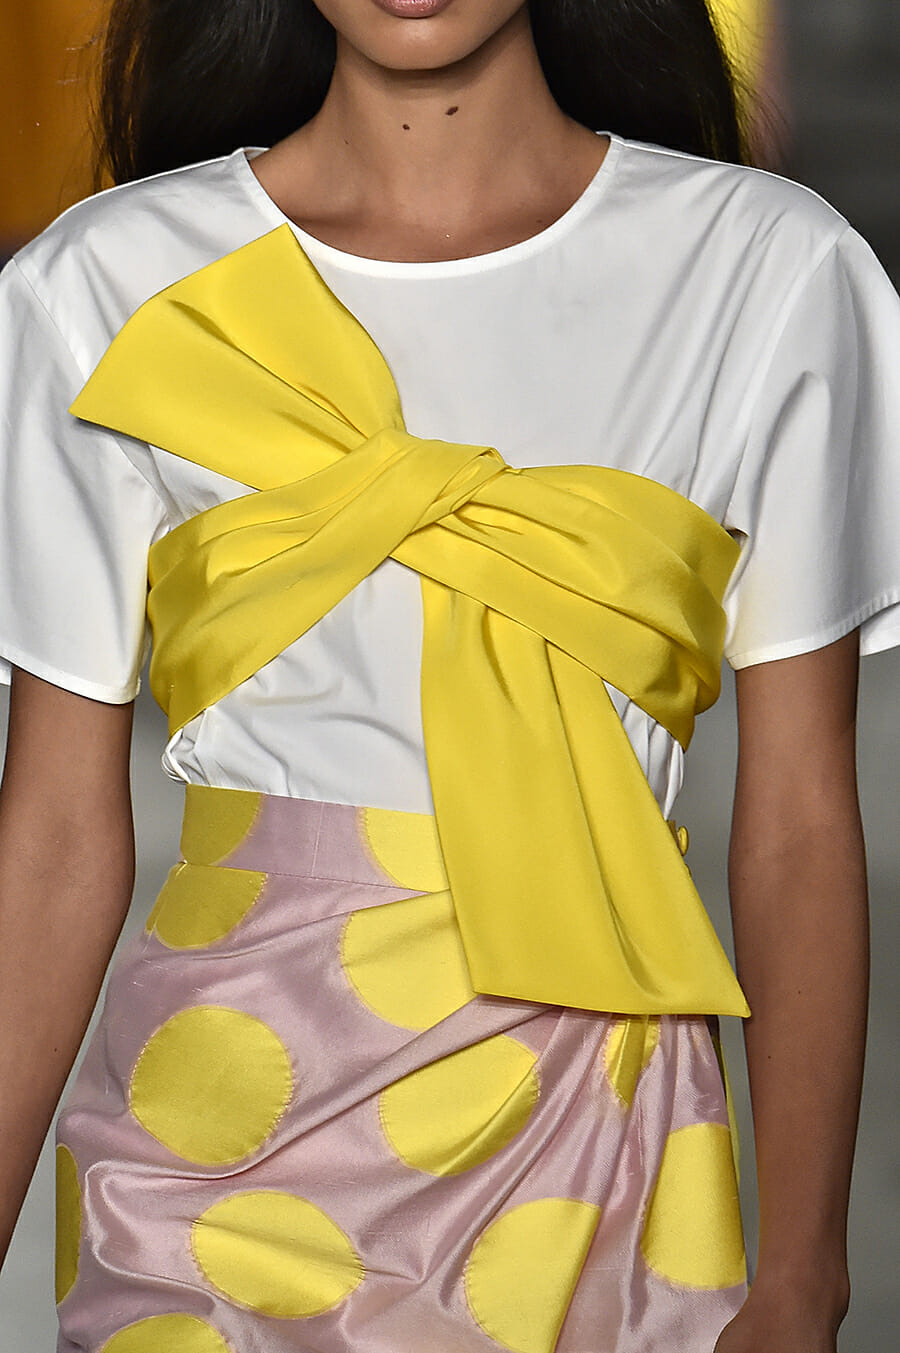 Carolina-Herrera-New-York-Fashion-Week-Spring-Summer-2018-NY-September-2017-look-27-detail-2
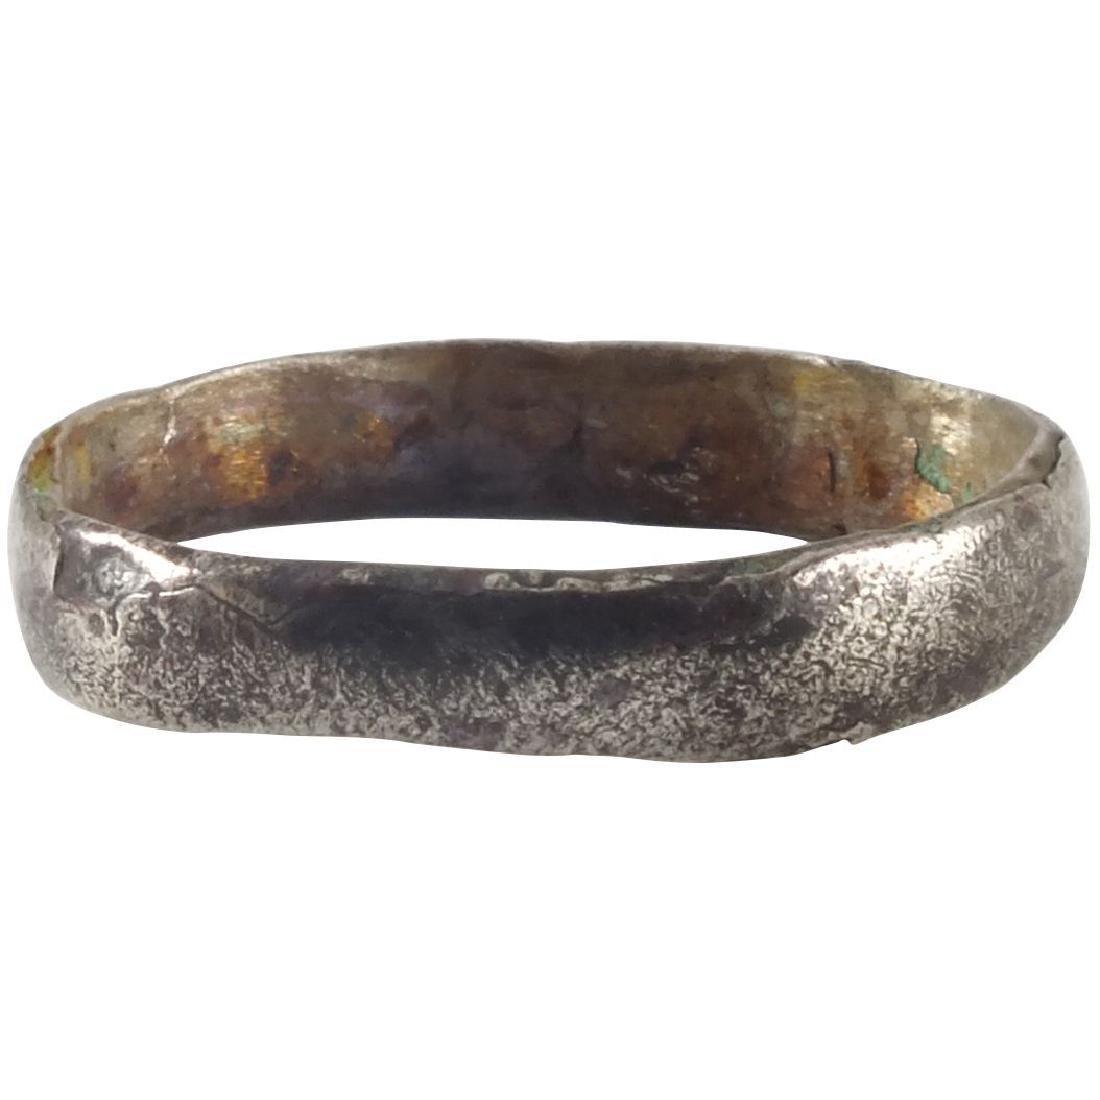 VIKING WOMAN'S WEDDING RING, 866-1067 AD
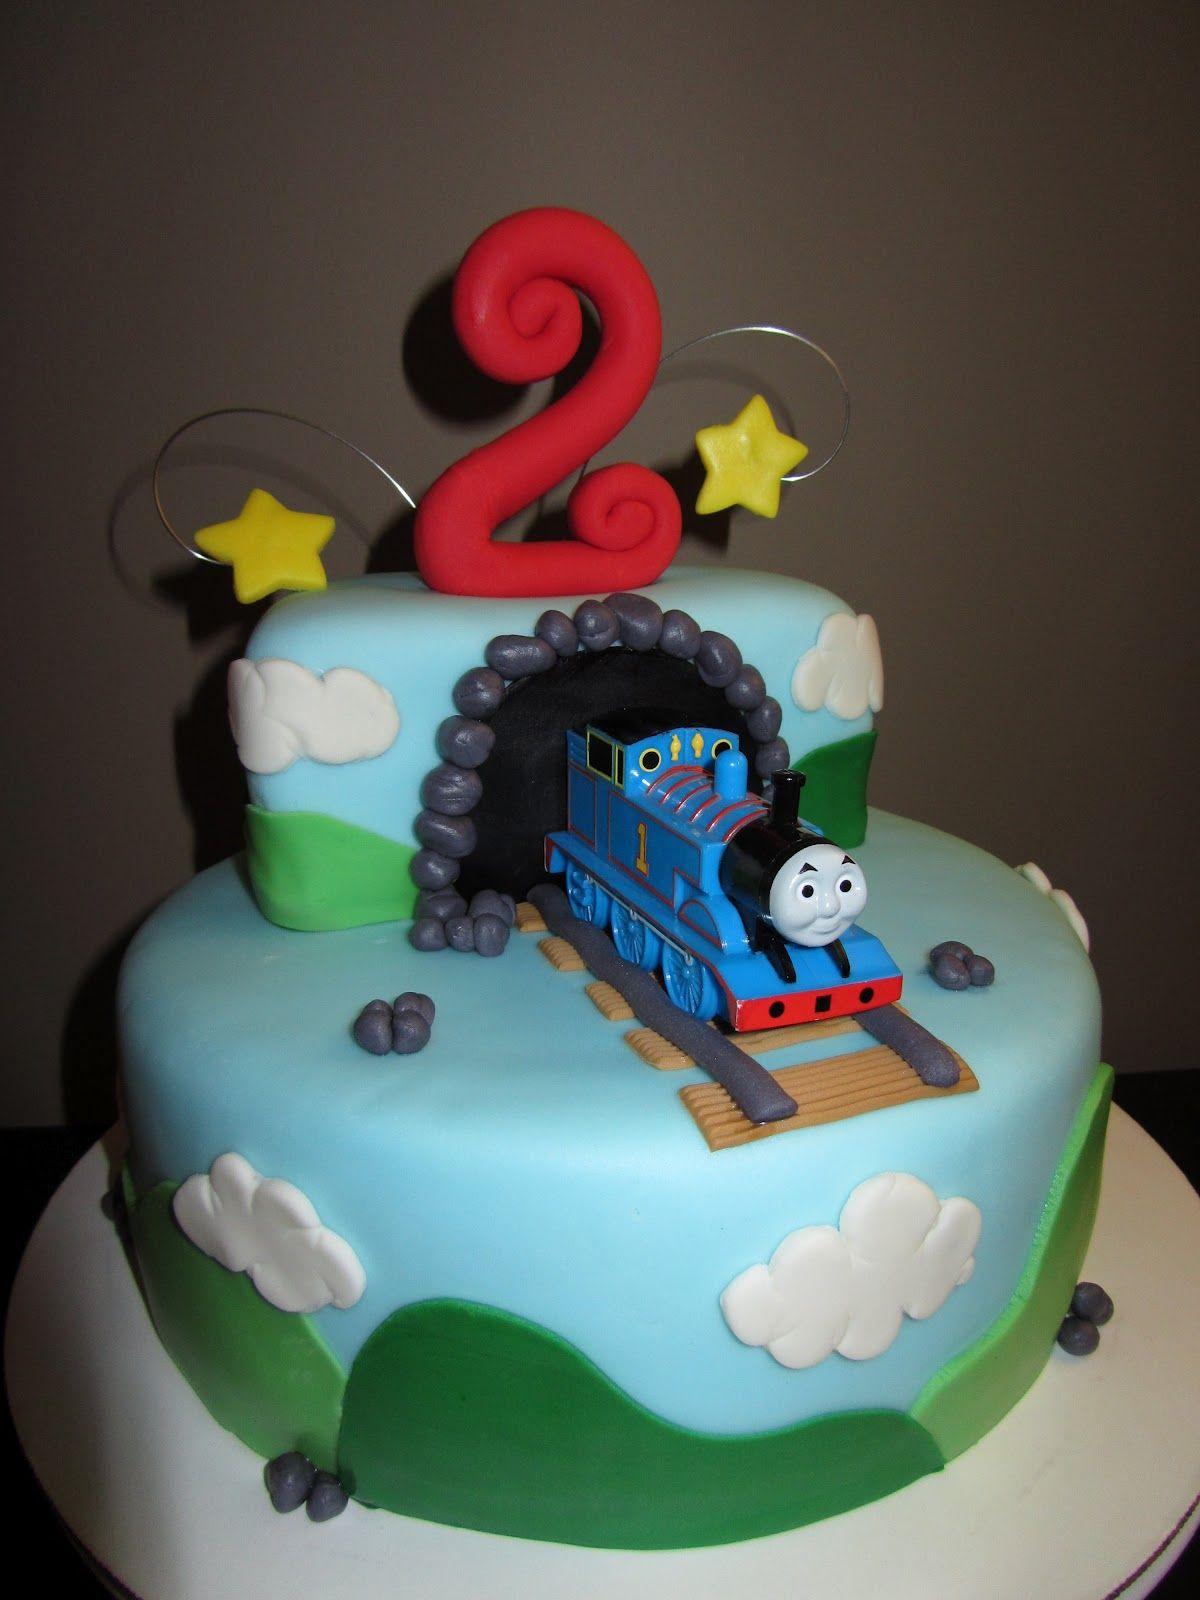 Interactive Thomas The Train Birthday Cakes Yahoo Search Results - Thomas birthday cake images
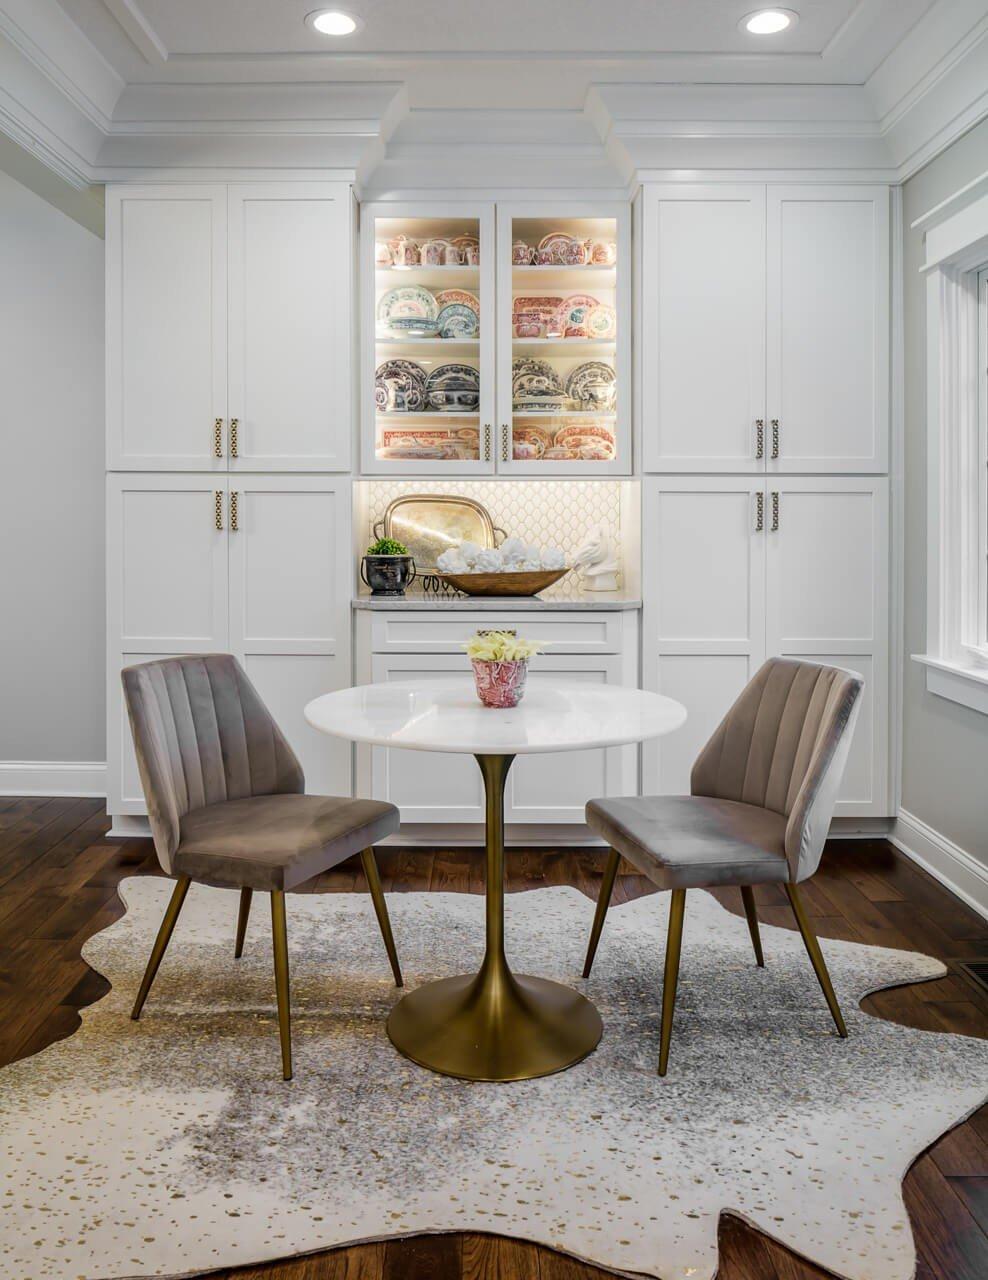 Great custom cabinets
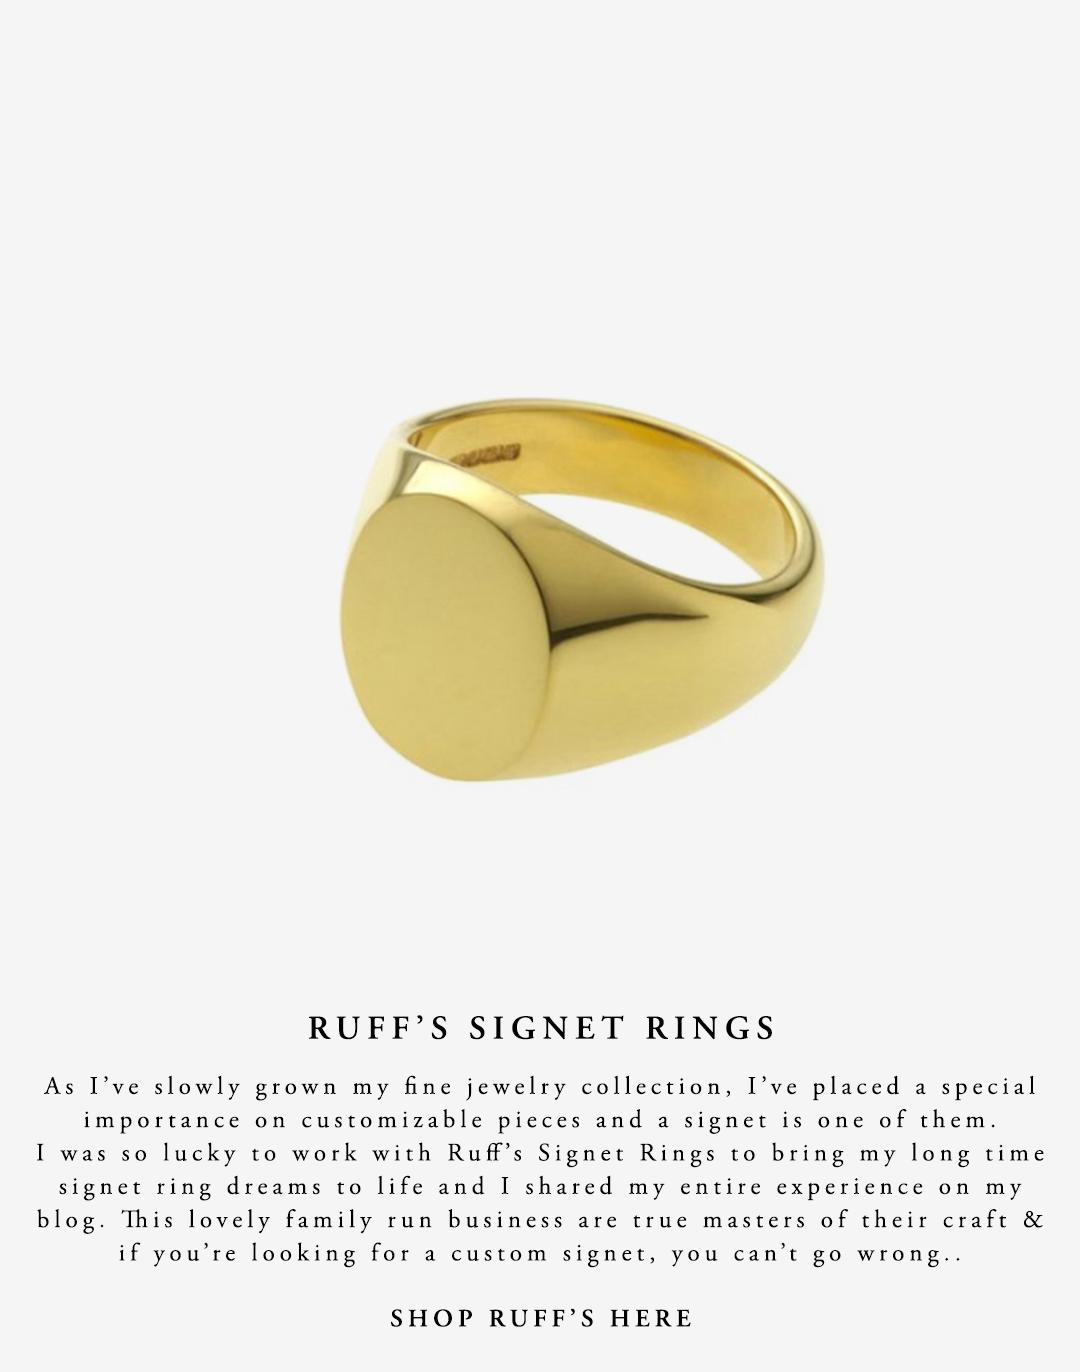 ruffs signet rings -.jpg

▸ **Requirement**: Pictures aside, set down the lines from the one containing "Interactive Thomas The" through the end of the records above, exactly and only those.

▸ **Output below**:
 Interactive Thomas The Train Birthday Cakes Yahoo Search Results - Thomas birthday cake images
 Great custom cabinets
 ruffs signet rings -.jpg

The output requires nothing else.